One fewer than the expected fifteen.

Such minor absenteeism normally goes unnoticed, of course.

But not today.

Because today’s absent person was Jenny.

The instructor.

Majorca.

At start-o’clock, we were told by an apologetic young Health Centre chap that Jenny was on a beach in Majorca, instead of on a bike in a Health Centre in Northumberland.

And from that second, the Spinning Class was no longer a Spinning Class.

It was a Social Experiment.

The Social Experiment.

The apologetic young Health Centre chap bluetoothed music into the otherwise silent room.

Before smiling and shuffling away, to ‘do his best’ (with zero minutes notice and on a Bank Holiday) to find a replacement instructor.

We weren’t hopeful.

But we were cycling.

And the Social Experiment began.

The Fourteen.

The fourteen, didn’t look at each other.

Two ladies chatted.

And another two.

And it was these four that, before anybody else, muttered something about ‘coffee’, abandoned their bikes, wiped them down – and left.

And then we were ten.

20 Minutes. 

By the time I’d been cycling for 20 minutes, I think I was in competition with another 50odd year old chap right next to me.

I think we were both imagining we were neck-and-neck as we silently counted kilometres and calories.

Two more people left.

Then two more.

Leaving six.

Bounce.

The spontaneous Social Experiment continued.

And to raise the stakes and alleviate the boredom.

(And address the cramp in my right calf).

I stood up and started to do that bounce thing.

A few seconds later, other 50odd man next to me did too.

I pretended not to notice of course.

Just as I pretended that standing up and bouncing on pedals was easy.

I was unconvincing at both.

When I eventually sat down, other 50odd year old man remained standing, as we approached the 40 minute mark.

45 minutes.

After 45 minutes, the race that wasn’t really a race, was over.

Two more people had left, so just four remained.

I dismounted first, made a hilarious comment about the last remaining cycler winning a bun, and left.

Greggs.

As I sat in my car a little later, I was pleased that I’d had a little workout.

And it was fun!

Funner than I had imagined.

Silent, structureless freewheeling with strangers.

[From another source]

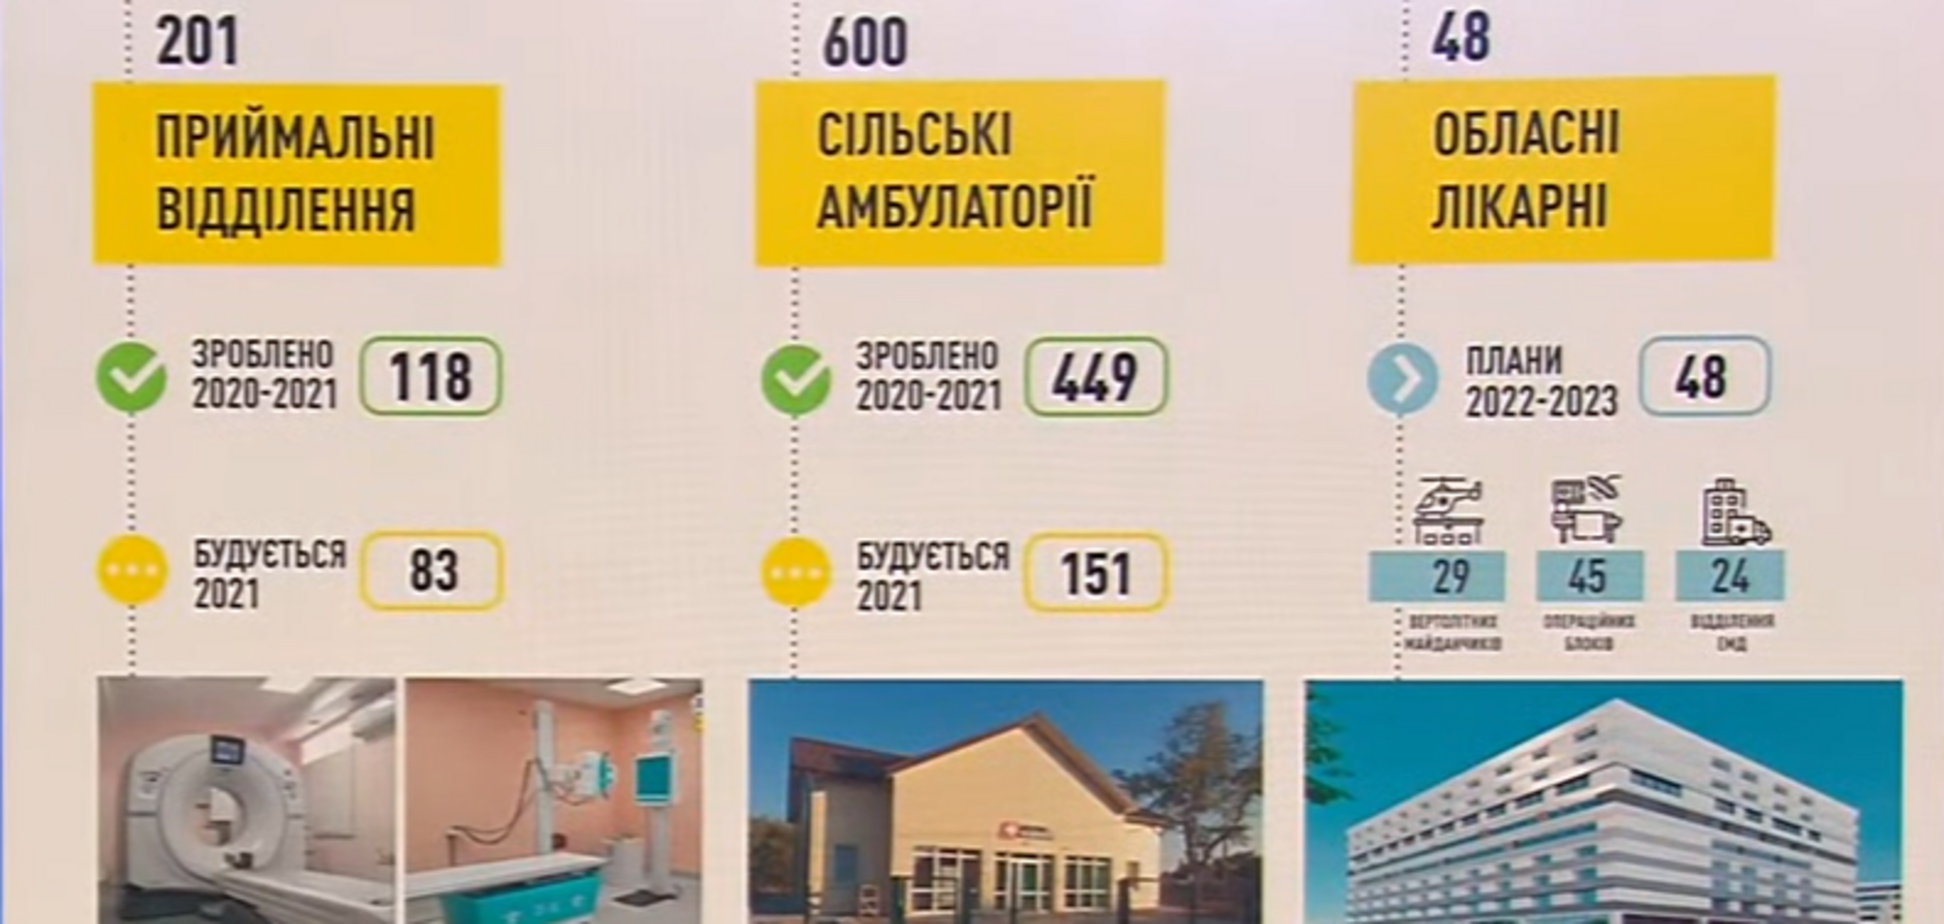 'Большая стройка' Зеленского реконструирует 48 областных больниц и построит для них 29 вертолетных площадок

And the thing I felt best about was the presence of the two ingredients that reap the best rewards in any area of my life really.

Even though I was slow and chuggy and spent half the time with no clue if what I was doing was ‘right’.

“First, I turned up.”

I thought, between bites of my two Greggs bacon sandwiches.

“Second, I stay the distance.”

As I moved the Greggs Yum Yums to one side in order to grab my flat white.

“And that,”

I thought to myself,

“Is why I shall very soon have the body of an athlete.”